## Instructions for the task
Leave out the pictures and copy each record below exactly.

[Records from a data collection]

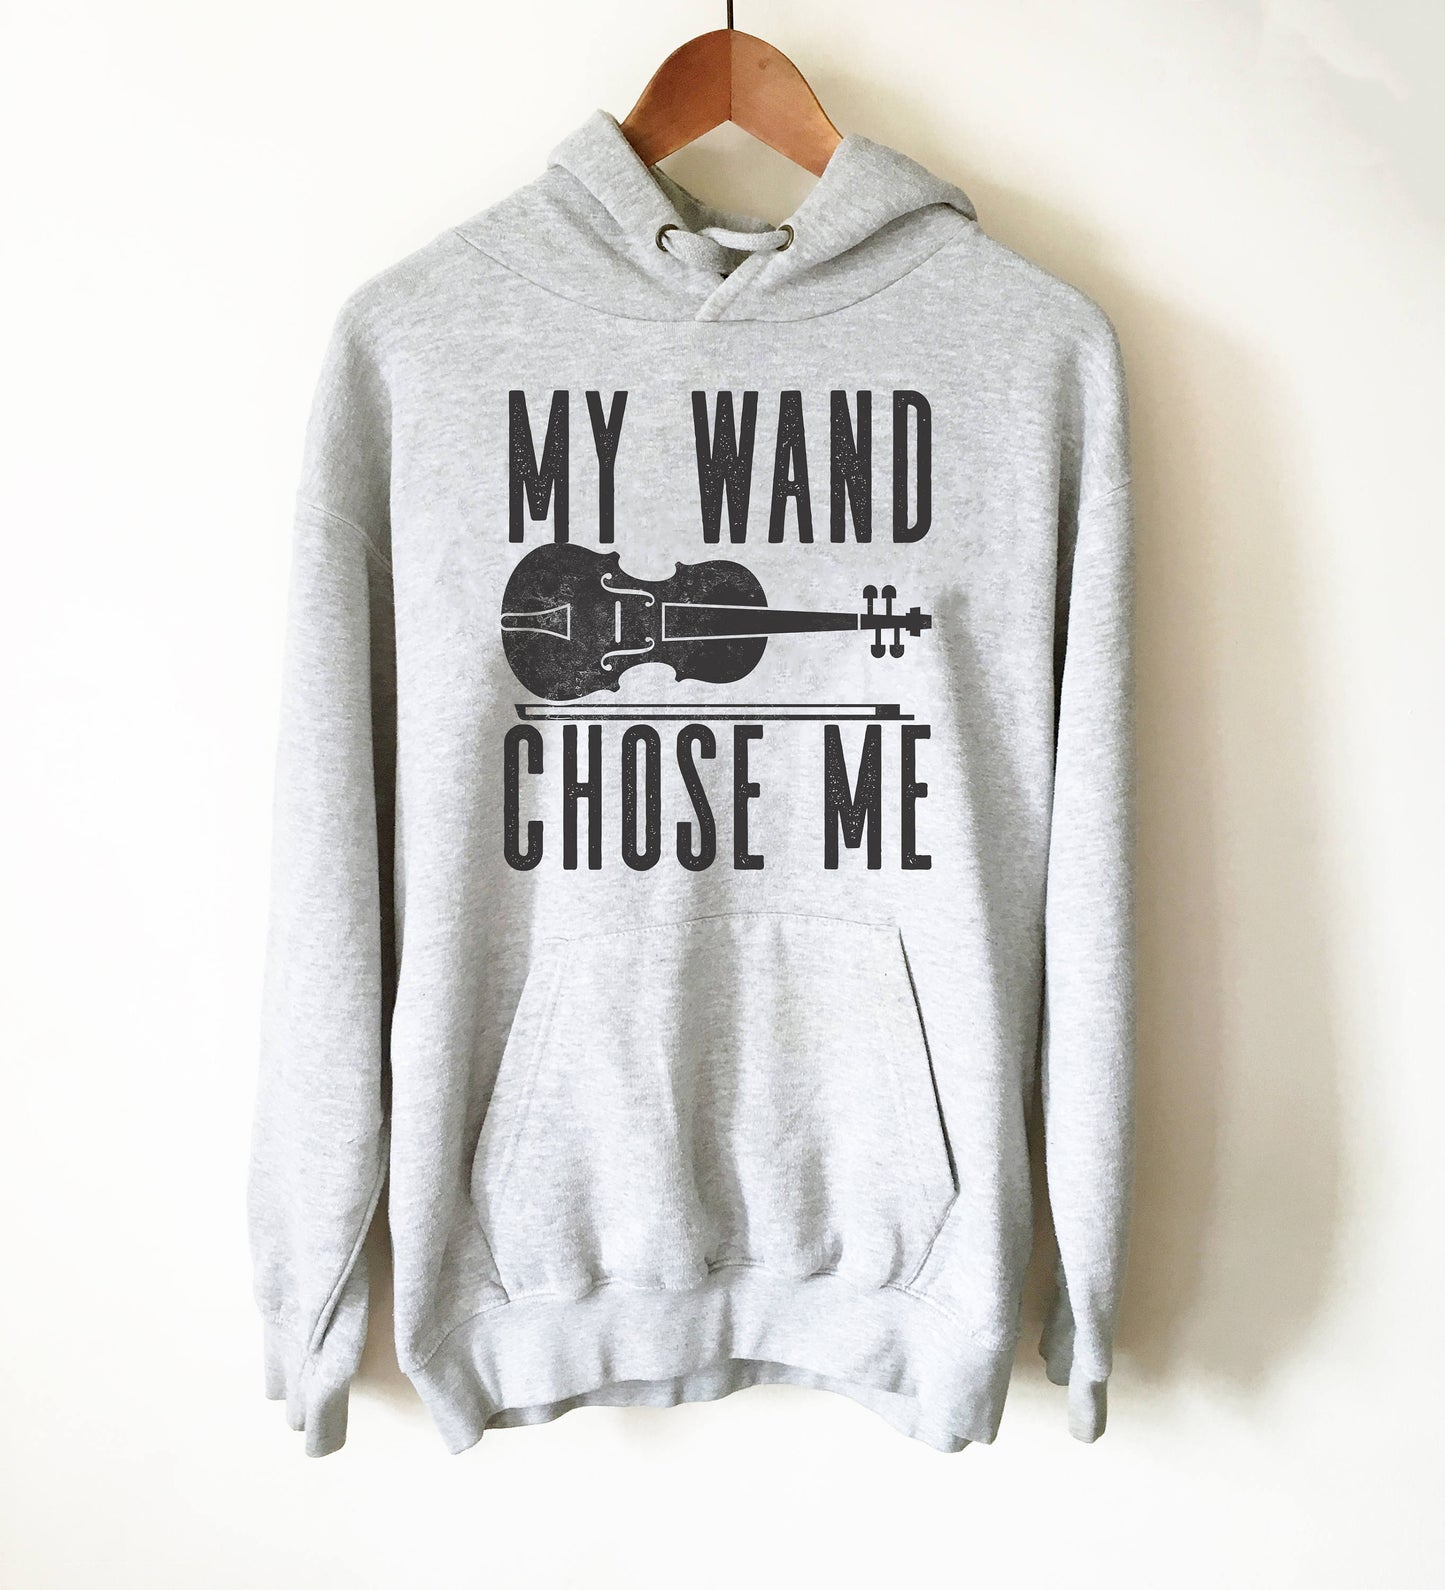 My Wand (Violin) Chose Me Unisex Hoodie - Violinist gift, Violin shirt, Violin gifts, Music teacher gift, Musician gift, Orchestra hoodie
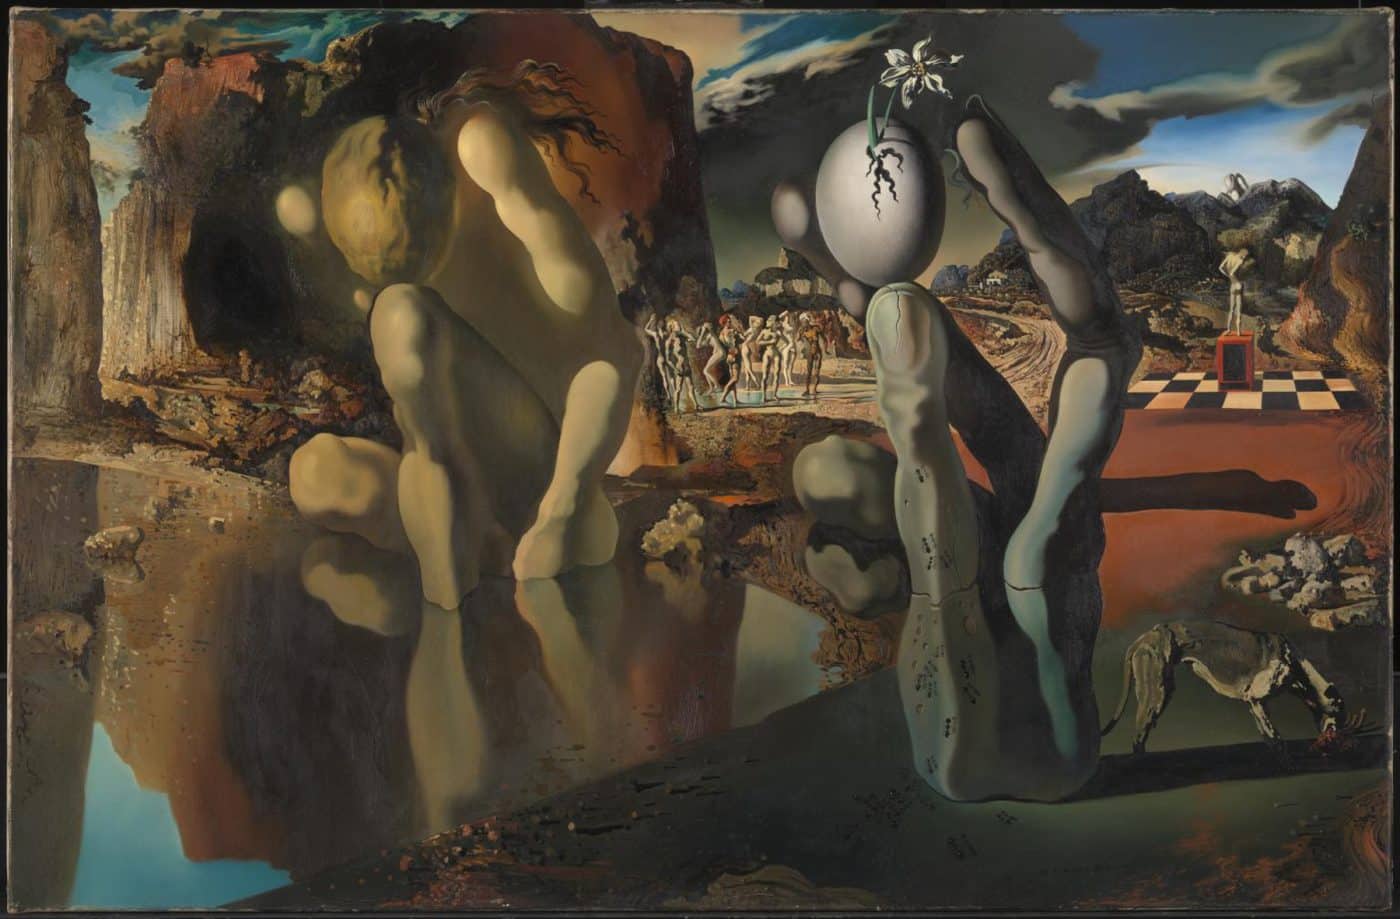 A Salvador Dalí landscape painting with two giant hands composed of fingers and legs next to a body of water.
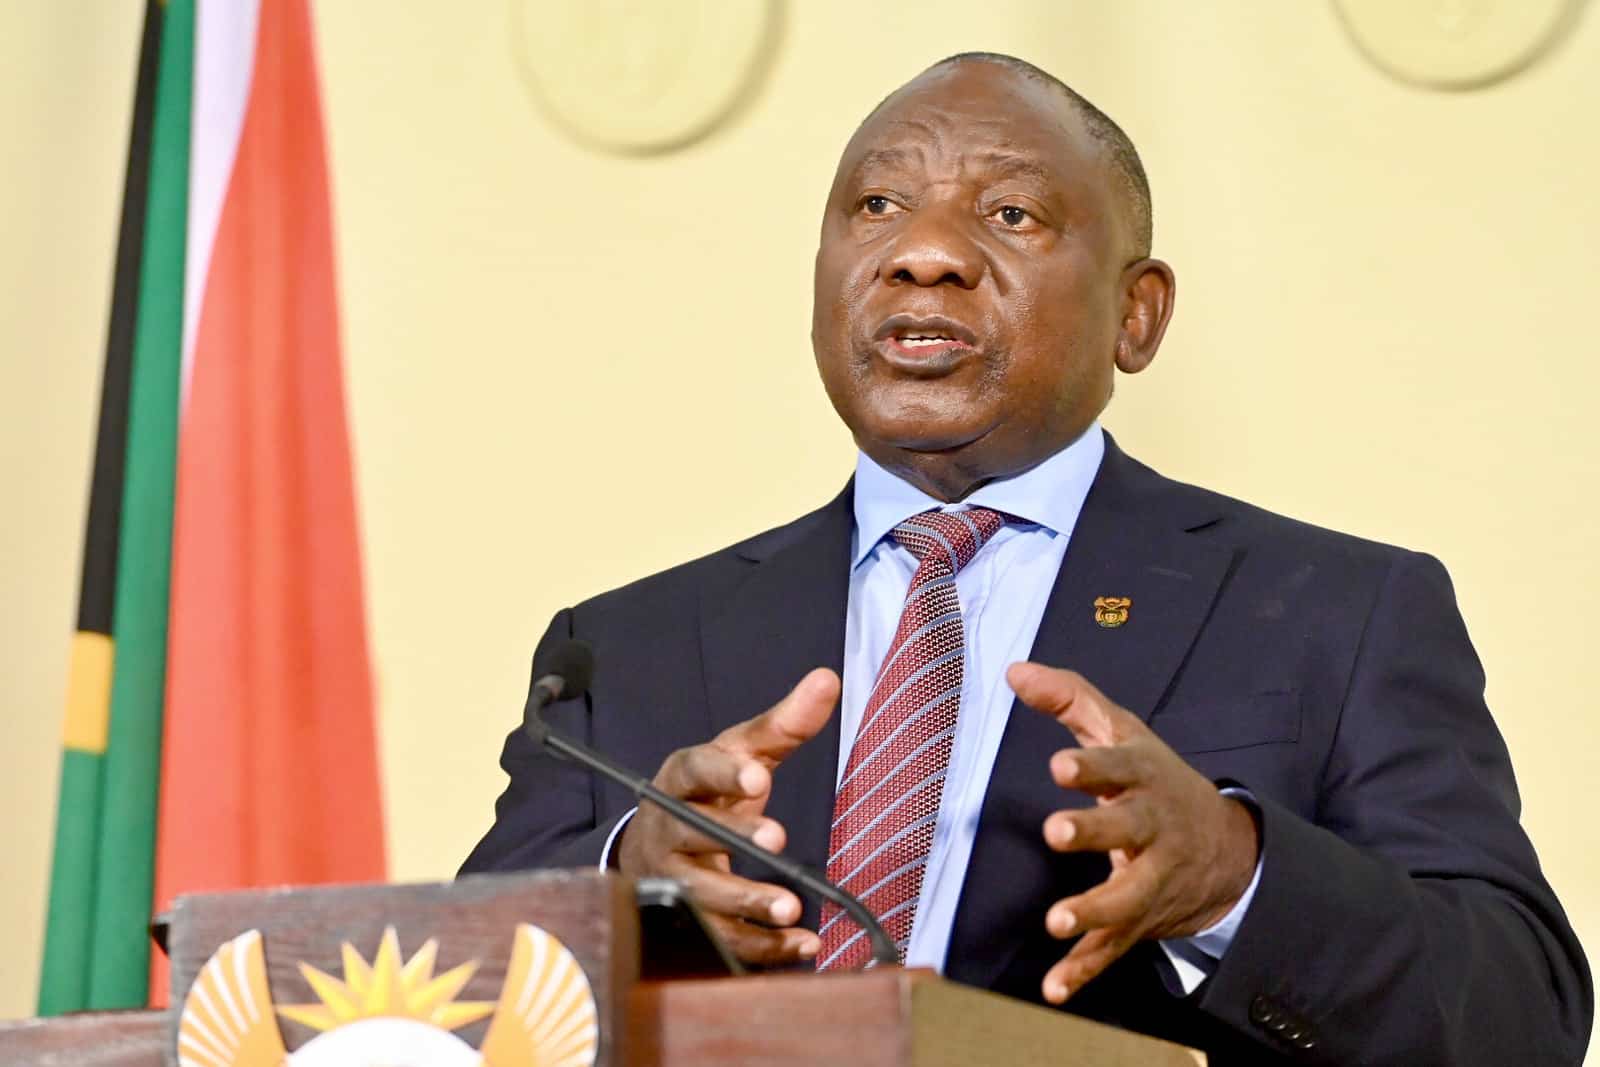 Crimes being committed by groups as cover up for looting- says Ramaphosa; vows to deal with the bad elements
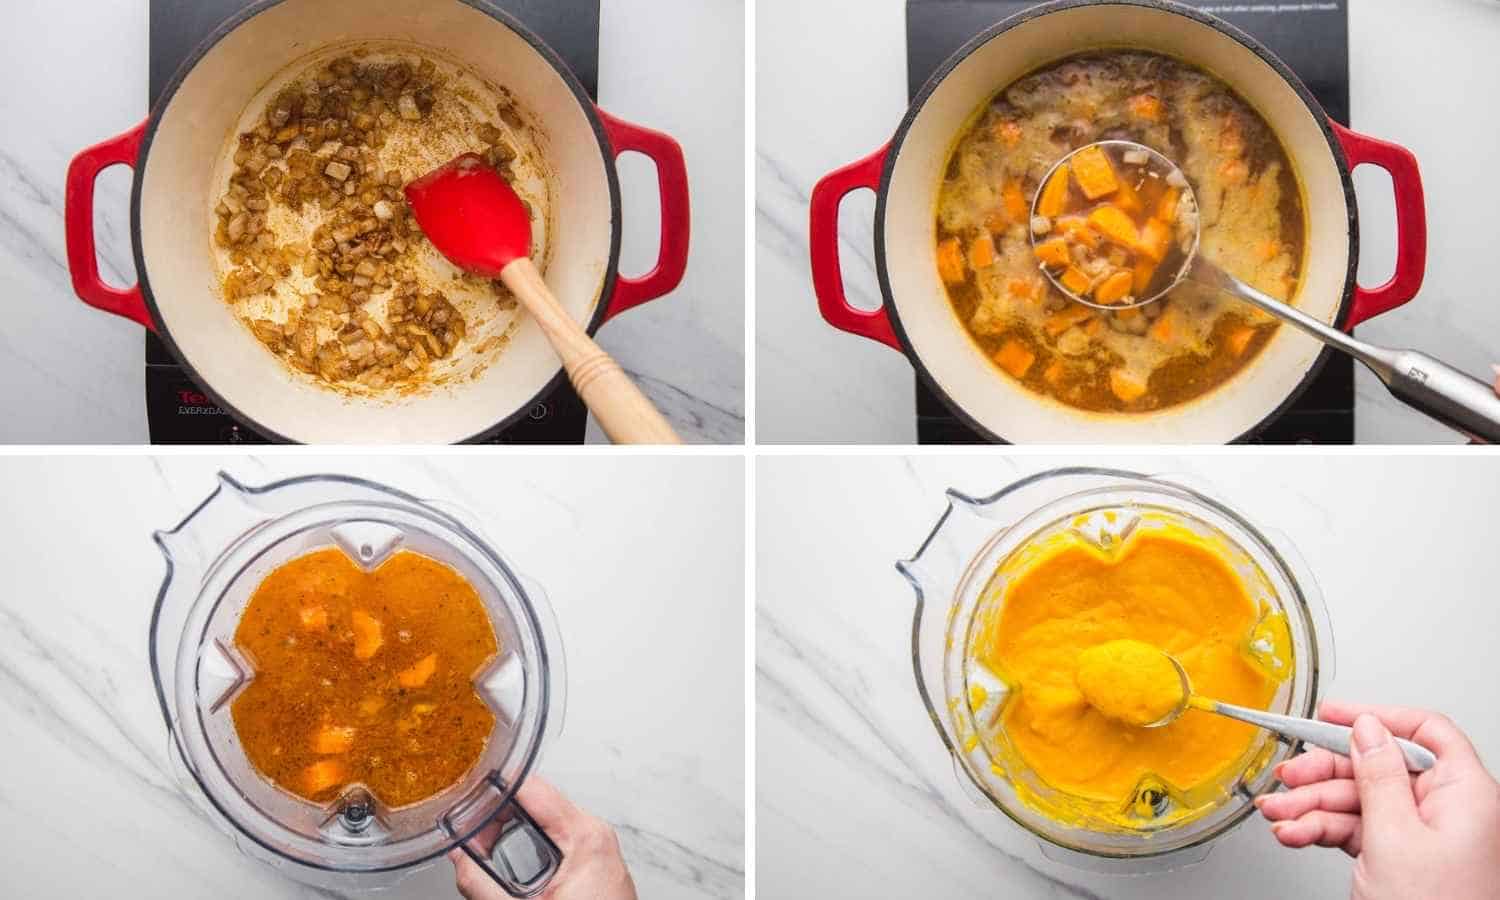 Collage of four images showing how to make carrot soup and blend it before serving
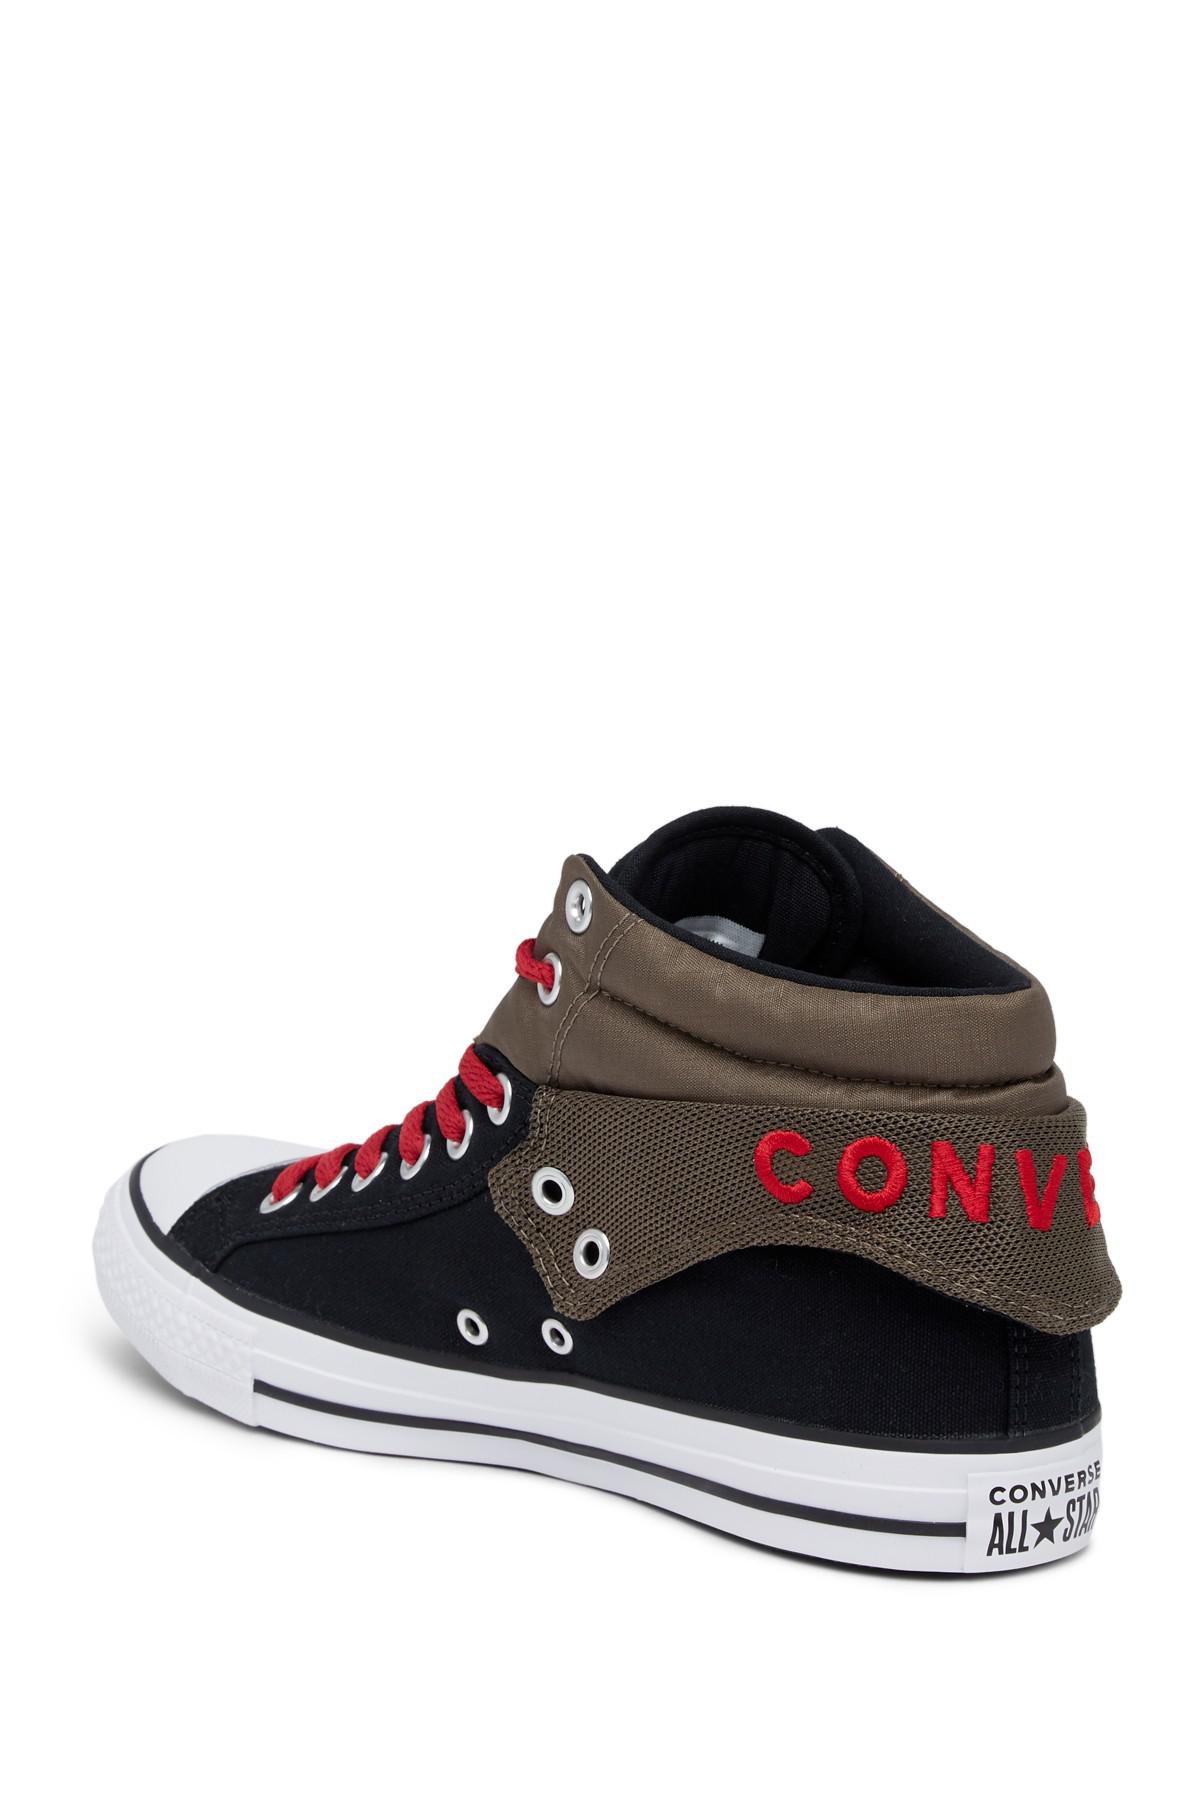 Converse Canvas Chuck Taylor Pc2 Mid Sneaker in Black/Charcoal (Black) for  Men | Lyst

## Output for this exercise
 My Wand (Violin) Chose Me Unisex Hoodie - Violinist gift, Violin shirt, Violin gifts, Music teacher gift, Musician gift, Orchestra hoodie
 A Salvador Dalí landscape painting with two giant hands composed of fingers and legs next to a body of water.
 Crimes being committed by groups as cover up for looting- says Ramaphosa; vows to deal with the bad elements
 Collage of four images showing how to make carrot soup and blend it before serving
 Converse Canvas Chuck Taylor Pc2 Mid Sneaker in Black/Charcoal (Black) for  Men | Lyst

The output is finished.